Recensão por: Frederico Cantante.repenserlegalitesdeschances

Savidan, Patrick (2007), Repenser l’Égalité des Chances, Paris, Grasset.

A igualdade de oportunidades depende da capacidade disposicional detida pelo indivíduo para exercer a sua liberdade.

Répenser l’Inégalités des Chances é um ensaio de filosofia política no qual se esboça uma genealogia de conceitos como igualdade, liberdade, justiça, capacidade ou equidade. É a partir da sua discussão que Patrick Savidan situa a emergência histórica do conceito de igualdade de oportunidades e o questiona do ponto de vista teórico, mas também político.

Enformada pelo liberalismo clássico, a Revolução Francesa negou as fundações naturalistas da ordem social, pelas quais o berço determinava o trajecto de vida dos indivíduos. Com a instituição (bastante imperfeita…) da igualdade civil e política perante a lei deu-se como que uma libertação da liberdade individual. Daí em diante, as possibilidades que se abriram aos trajectos sociais iriam depender do talento, do mérito de cada um. Neste sentido, emergiu uma nova lógica de legitimação das desigualdades sociais baseada não no grupo social de pertença, mas no mérito e talento do indivíduo. Segundo o autor, com o advento da democracia moderna, os princípios de hierarquização social foram, portanto, “renaturalizados” (p. 28).

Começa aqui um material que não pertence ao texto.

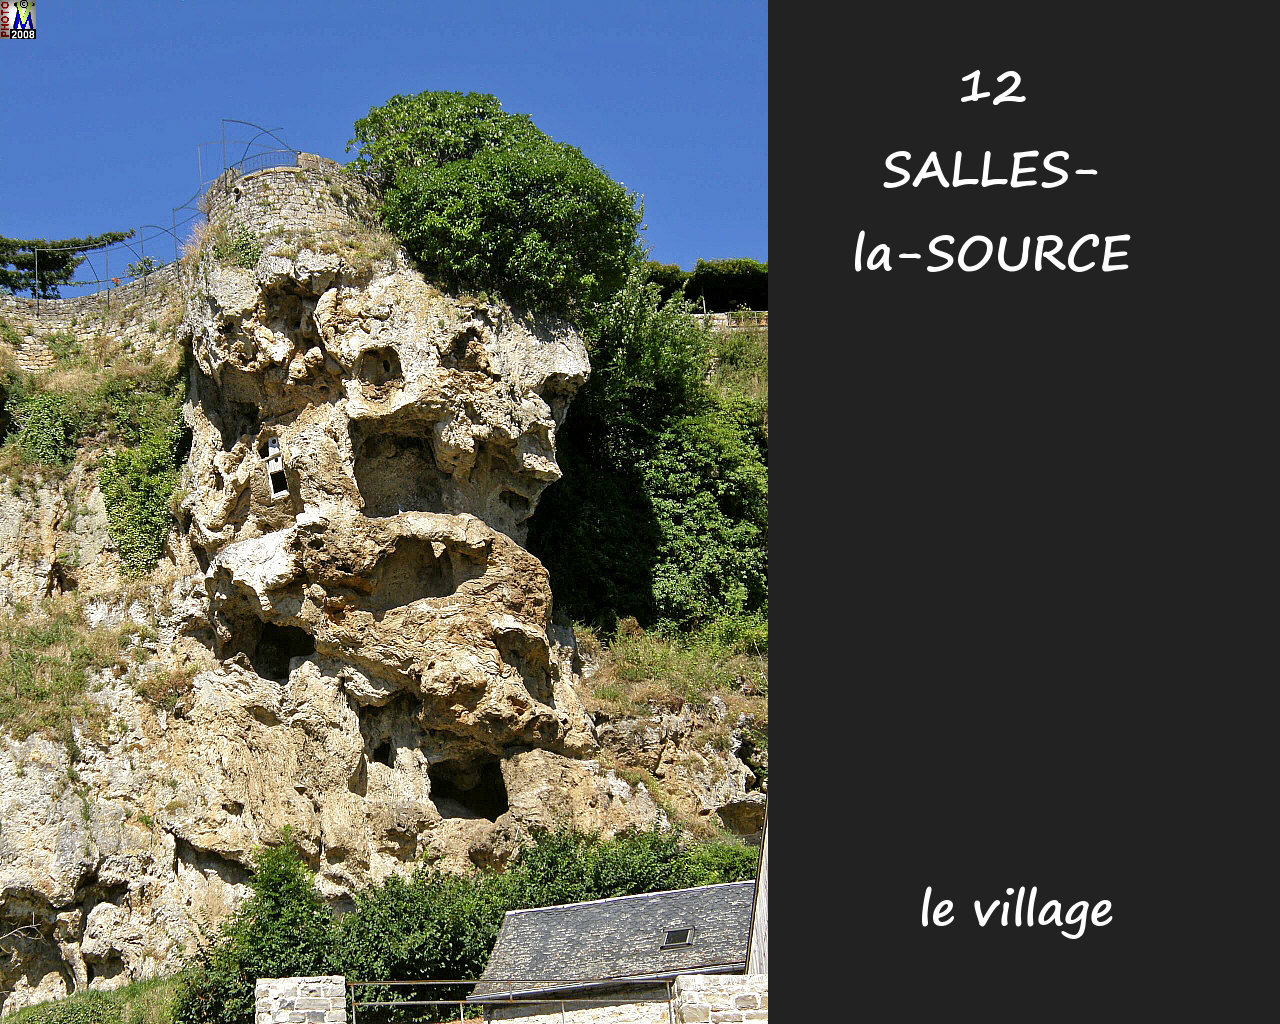 12SALLES-SOURCE_village_112.jpg

Savidan critica o entendimento formalista liberal e neo-liberal do conceito de igualdade de oportunidades, o qual descontextualiza o livre desenvolvimento da personalidade das condições sociais de existência. Só existe igualdade material de oportunidades quando os indivíduos dispõem de semelhantes possibilidades de escolha. A problemática da igualdade de oportunidades não deve, no entanto, ser equacionada à luz da igualitarização forçada das condições de existência, pois as desigualdades sociais, tal como o próprio Marx admitiu (p. 165), podem ser legítimas, justas. É necessário, isso sim, criar as condições para que essas desigualdades decorram do desenvolvimento de talentos e esforços individuais, e não se assumam, pelo contrário, como reproduções de uma estrutura social assimétrica. Reapropriando o pensamento de Kant acerca da relação entre propriedade, autonomia e cidadania, Savidan destaca a importância da posse individual de recursos qualificacionais, pilar da liberdade de escolha, da possibilidade de realização do talento individual, da capacitação sustentável dos actores:

“Muitos trabalhos demonstram de maneira bastante convincente que é absurdo querer-se opor a igualitarização das oportunidades à igualitarização das condições. O desafio é o de identificar as condições susceptíveis de serem mobilizadas como recursos pelos indivíduos e tornar assim a justiça social numa forma de ‘investimento social’. Detendo esses recursos, os indivíduos deverão poder orientar e planificar os seus esforços em função de um projecto próprio, pelo menos de uma forma intuitiva. Assim o igualitarismo de oportunidades poderá visar atingir o seu objectivo: reduzir ao máximo as desigualdades entre cidadãos em termos de perspectivas de vida ” (p. 298, tradução própria).

A crítica promovida por Savidan ao entendimento naturalista das desigualdades sociais assenta também na problematização da natureza do talento individual. Para além de as capacidades naturais serem socialmente condicionadas e construídas, o seu valor relativo enquanto atributo diferenciador decorre igualmente do modo como o próprio sistema social as qualifica. A cotação do talento produz-se assim segundo uma lógica desindividualizada. Se é a sociedade que diferencia o valor do talento, até que ponto os recursos de cada um podem ser entendidos, de forma absoluta, como propriedade individual? A este nível o autor segue de perto o pensamento de Jonh Rawls, que “desubstancializa a capacidade” (p.268).

Savidan promove, portanto, uma exposição crítica das tensões teóricas existentes entre os conceitos de igualdade e liberdade no quadro do pensamento político e filosófico clássico e moderno, através da qual recupera contributos para a conceptualização da igualdade de oportunidades enquanto capacitação de indivíduos calibrados de forma desigual ao nível dos recursos detidos. O desenho de um conceito de igualdade de oportunidade “pós-capacitário” (p. 318) encerra em si um programa político próximo do providencialismo estatal europeu, elegendo o autor ao longo obra, de forma mais ou menos explícita, a área da educação como campo de intervenção prioritário:

“À representação de um Estado-providência manietado nas suas atitudes e nas suas insuficiências, o igualitarismo de oportunidades contrapõe um objectivo de empowerment social, económico, cultural – e, portanto, político – dos indivíduos na sociedade democrática. O contributo absolutamente crucial desta lógica de empowerment é, contudo, a definição social que esse igualitarismo confere às capacidades, às competências e ao mérito individuais.” (p. 324, tradução própria).